When This Page Helps

Hyponatremia review depends on turning a lab value into a controlled correction worksheet. This calculator keeps the serum sodium, target sodium, TBW estimate, and solution equivalents together so the team can discuss replacement without losing track of the daily safety limit.

How to Use the Inputs

  1. Enter the current serum sodium from the most recent lab draw.
  2. Enter your target sodium — many teams choose a conservative first-day target rather than full normalization.
  3. Enter the patient's weight (kg or lbs) and select sex and age for TBW estimation.
  4. Review the total sodium deficit in mEq and the volume of each replacement solution.
  5. Check the stepwise correction worksheet and the continuous-rate reference line if relevant.
  6. Monitor serial sodium levels and recalculate after every new lab draw.
Formula used
Sodium deficit (mEq) = TBW × (Target Na⁺ − Current Na⁺). TBW = body weight(kg) × factor (Male <65y: 0.6; Male ≥65y: 0.5; Female <65y: 0.5; Female ≥65y: 0.45). Volume of 3% NaCl = deficit(mEq) / 513(mEq/L) × 1000(mL).

Example Calculation

Result: Deficit = 420 mEq; 3% NaCl = 819 mL; NS = 2,727 mL

TBW = 70 × 0.6 = 42 L. Deficit = 42 × (130 − 120) = 420 mEq.

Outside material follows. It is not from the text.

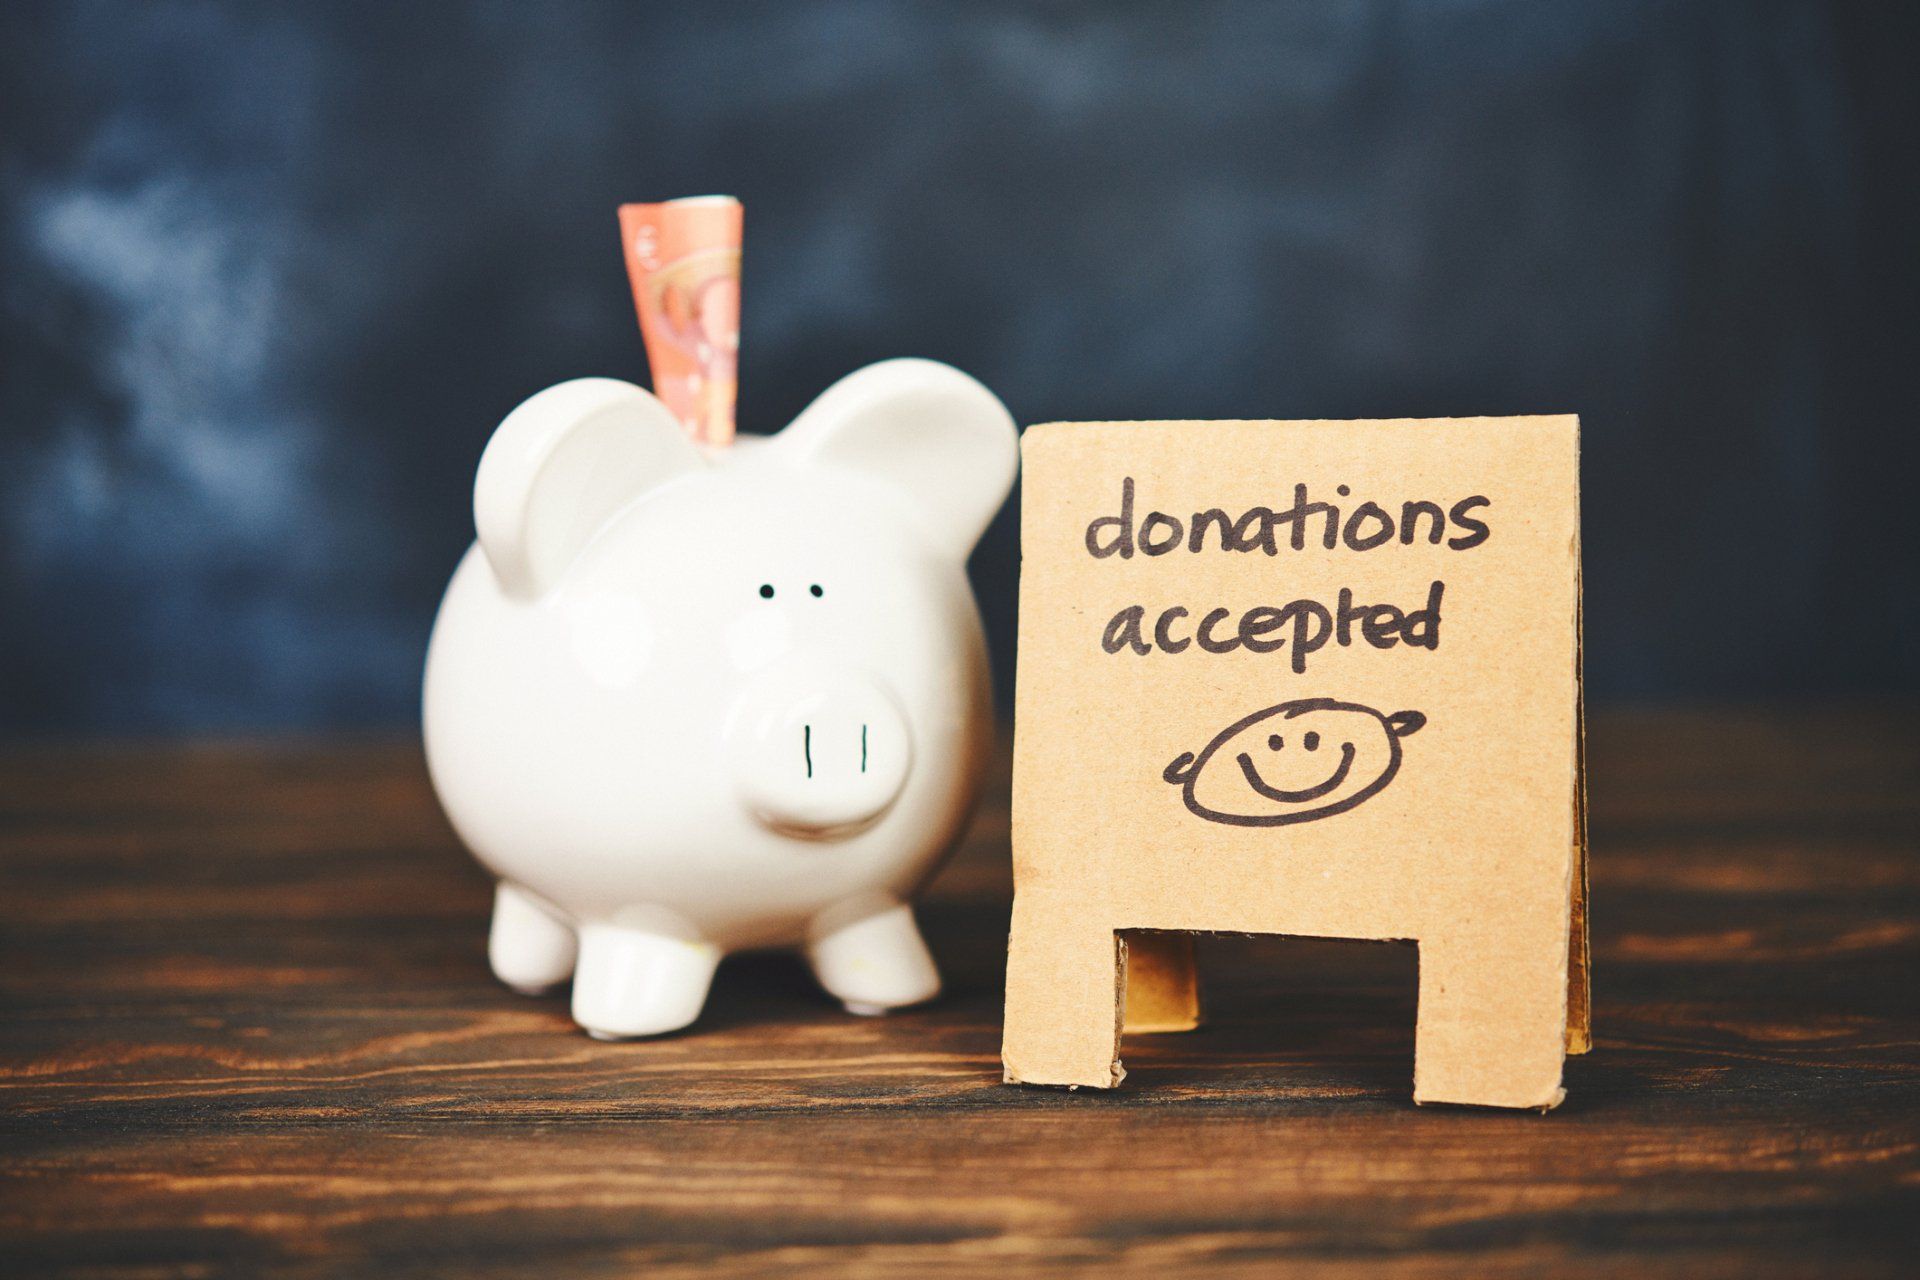 Money Donations - Whitewater, WI - Learning Depot

Volume of 3% NaCl (513 mEq/L) = 420/513 × 1000 = 819 mL. Because a 10 mEq/L change is at the upper edge of the usual 24-hour correction ceiling, the worksheet splits it across two days rather than implying all of it should be delivered at once.

Tips & Best Practices

  • Start with a conservative target — a partial first-day correction is often enough to improve symptoms without overshooting.
  • Recheck sodium frequently during active correction. Do not rely on the initial calculation alone.
  • The same sodium value can reflect very different problems in SIADH, hypovolemia, hypervolemia, or acute symptomatic hyponatremia.
  • The page shows continuous-rate equivalents, but acute bolus pathways are usually handled separately from slow correction plans.
  • In edematous patients (CHF, cirrhosis), the simple TBW estimate may overstate the practical sodium need.
  • Account for planned potassium replacement because it also changes effective tonicity.

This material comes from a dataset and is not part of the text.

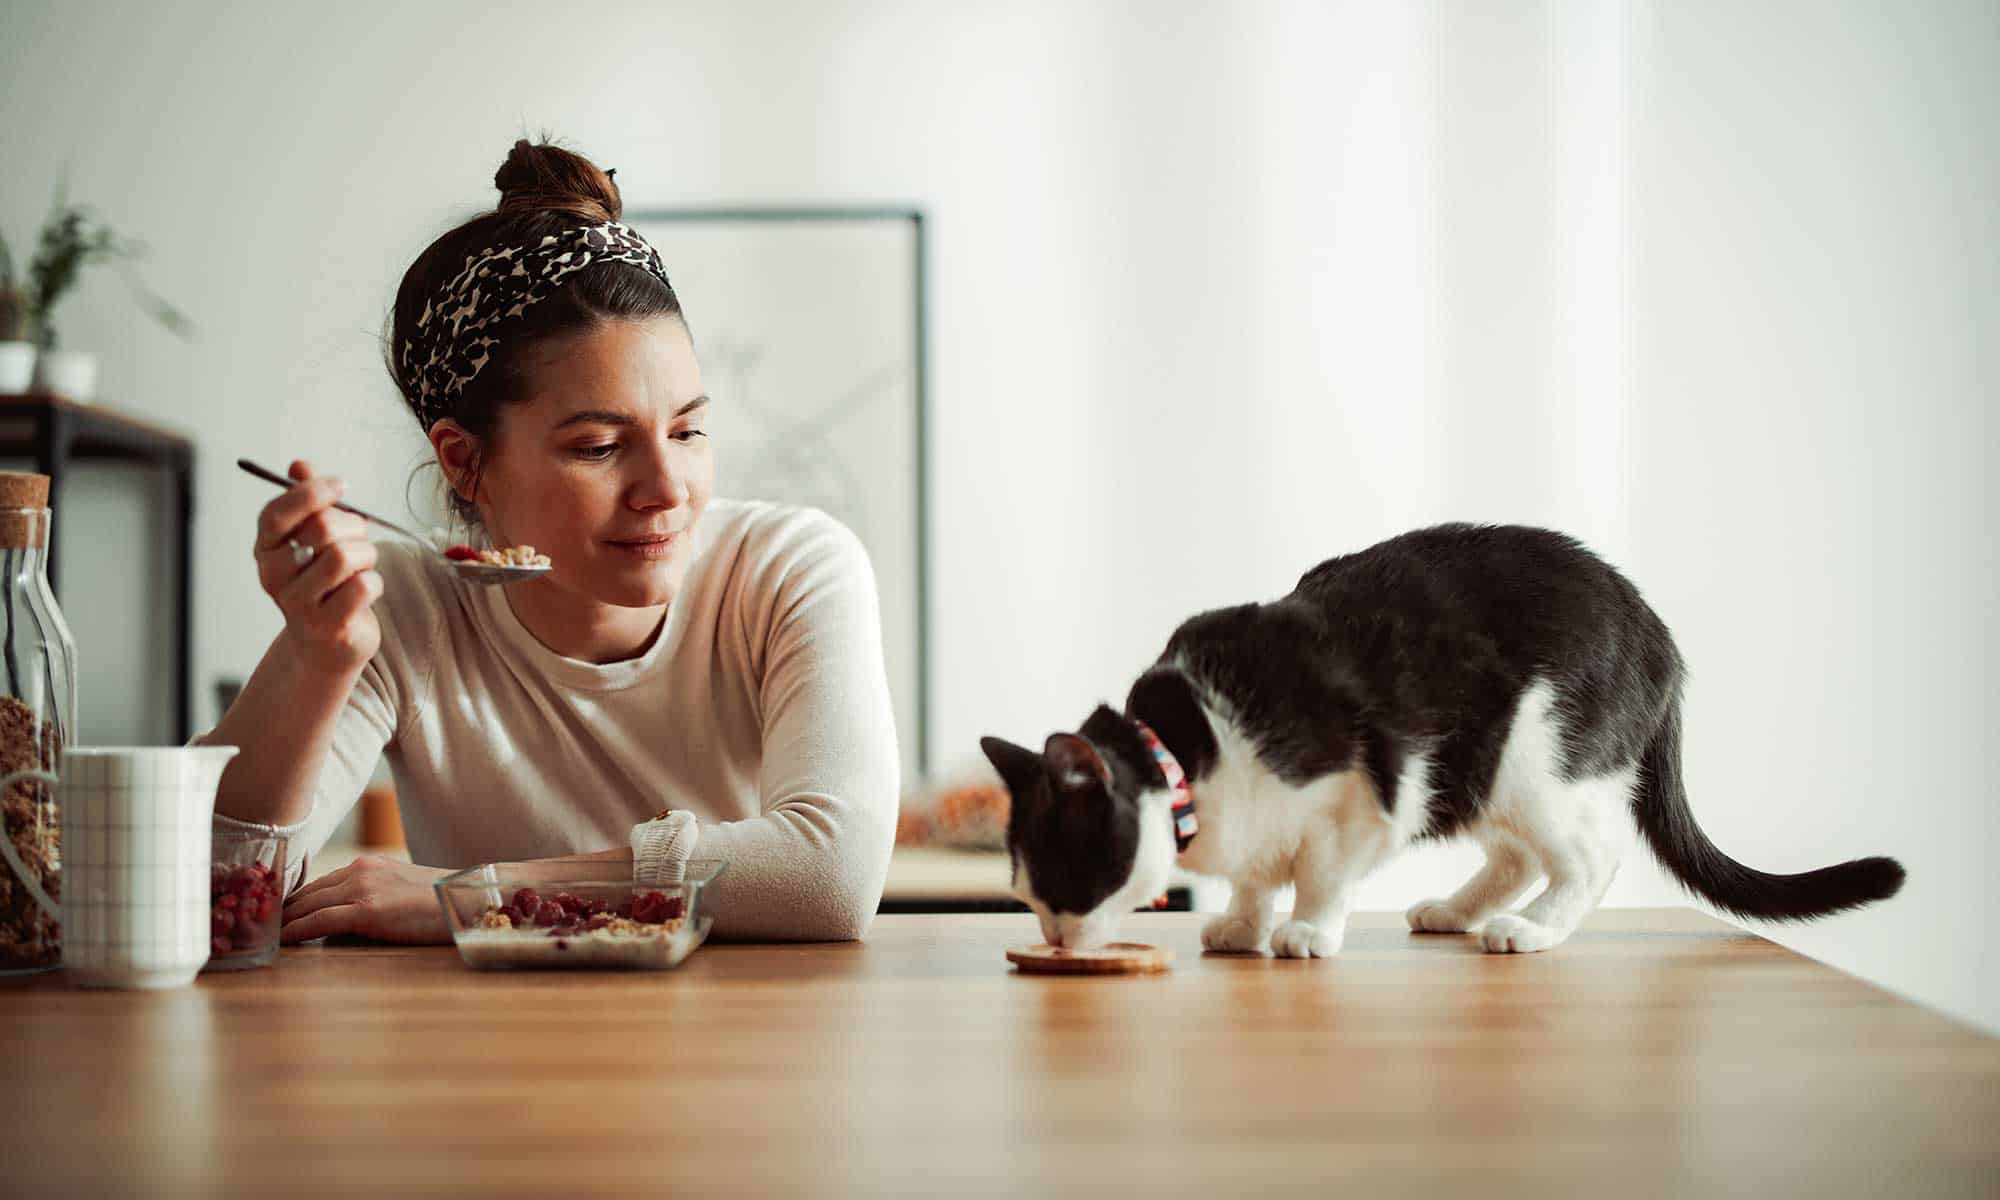 Woman and cat eating a meal

Choosing Between 3% NaCl and Normal Saline

Hypertonic saline and normal saline are not interchangeable, even though this page converts the sodium deficit into both. Hypertonic saline gives more sodium per mL and is the common reference fluid when the team is reviewing severe or symptomatic hyponatremia. Normal saline is more often discussed in hypovolemic hyponatremia, where restoring volume can help suppress ADH and improve sodium indirectly.

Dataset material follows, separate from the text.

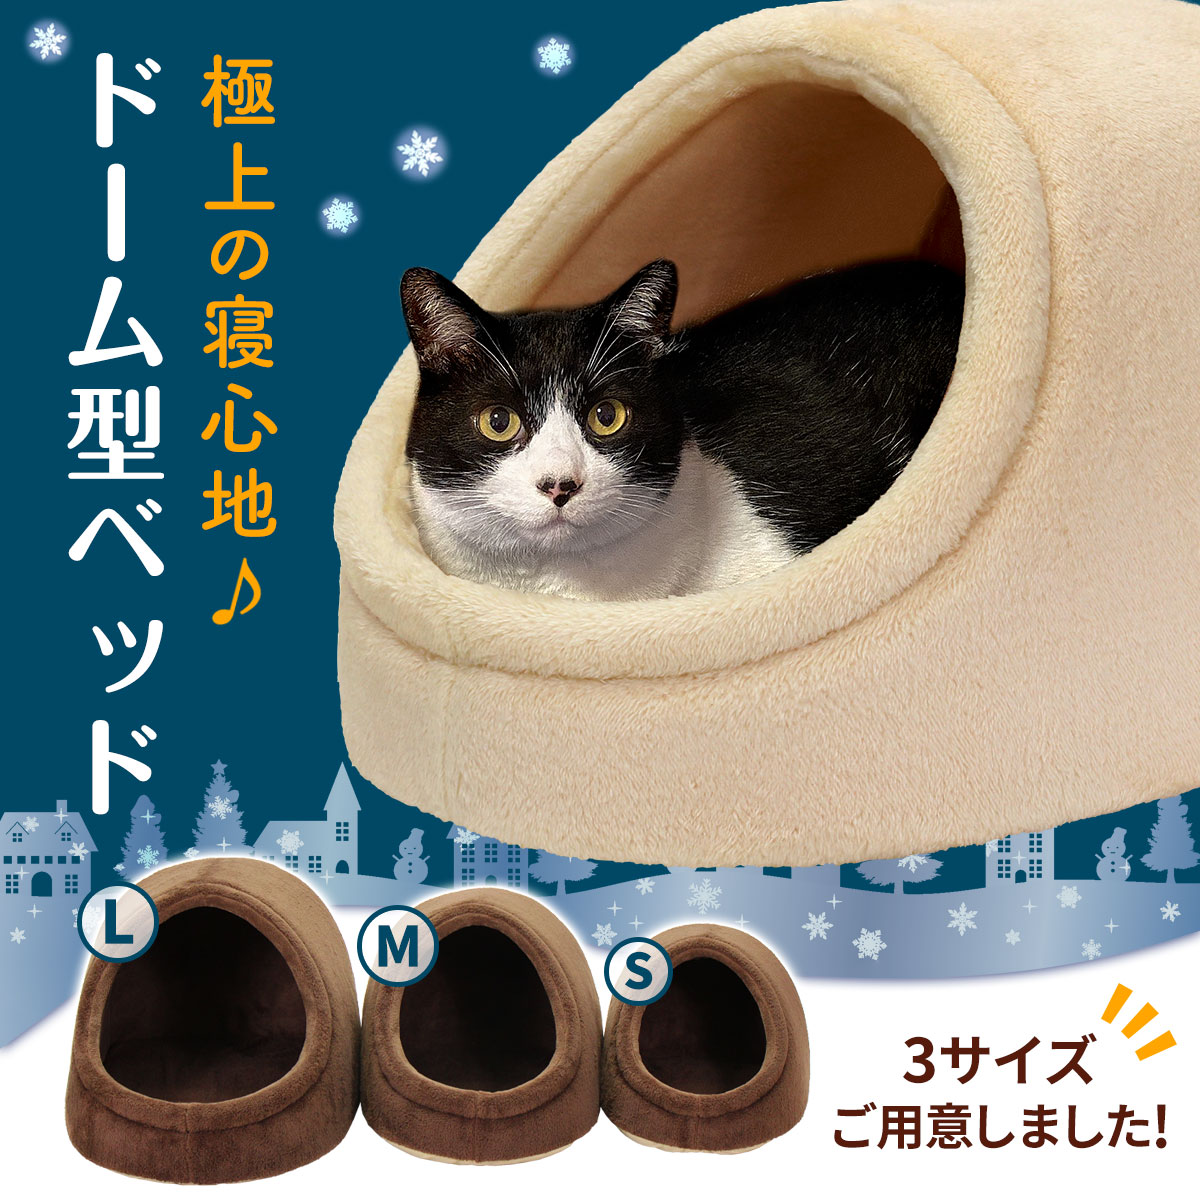  dome type pet bed dog cat bed winter stylish house warm pet soft boa dog for bed cat bed dome bed M size

Fluid Restriction: The Forgotten Pillar

In euvolemic hyponatremia (especially SIADH), fluid restriction often matters as much as sodium replacement. That is one reason a sodium-deficit number by itself is never the whole plan. Some patients improve mainly by reducing free-water intake, while others need a combination of oral sodium, loop diuretics, or a more specialized pathway.

When the Calculation Doesn't Match Reality

If sodium does not rise as predicted, think about ongoing water retention, unmeasured sodium losses, medication effects, or endocrine causes such as adrenal insufficiency. The deficit formula is only a guide; the serial sodium trend is the real feedback loop.

Sources & Methodology

Last updated:

Methodology

This worksheet estimates the sodium equivalent of a planned sodium rise using a TBW factor and then converts that amount into common replacement vehicles. It is a planning aid for chronic or subacute hyponatremia review, not a replacement-order generator.

Sources

  • Hyponatremia (Endotext / NCBI Bookshelf) — Background reference for hyponatremia classification and cautious correction.
  • A numerical approach to the treatment of severe hyponatremia (New England Journal of Medicine) — Classic framework behind sodium replacement planning.
  • Hyponatremia: correction limits and risk factors review (Brazilian Journal of Nephrology) — Review supporting conservative daily correction ceilings.

Frequently Asked Questions

  • Sodium deficit = TBW × (target Na − measured Na). TBW is estimated as body weight × a sex/age factor (0.45–0.6). The result in mEq tells you how much sodium to replace. This is an estimate — real-world sodium is affected by ongoing losses, oral intake, and kidney handling.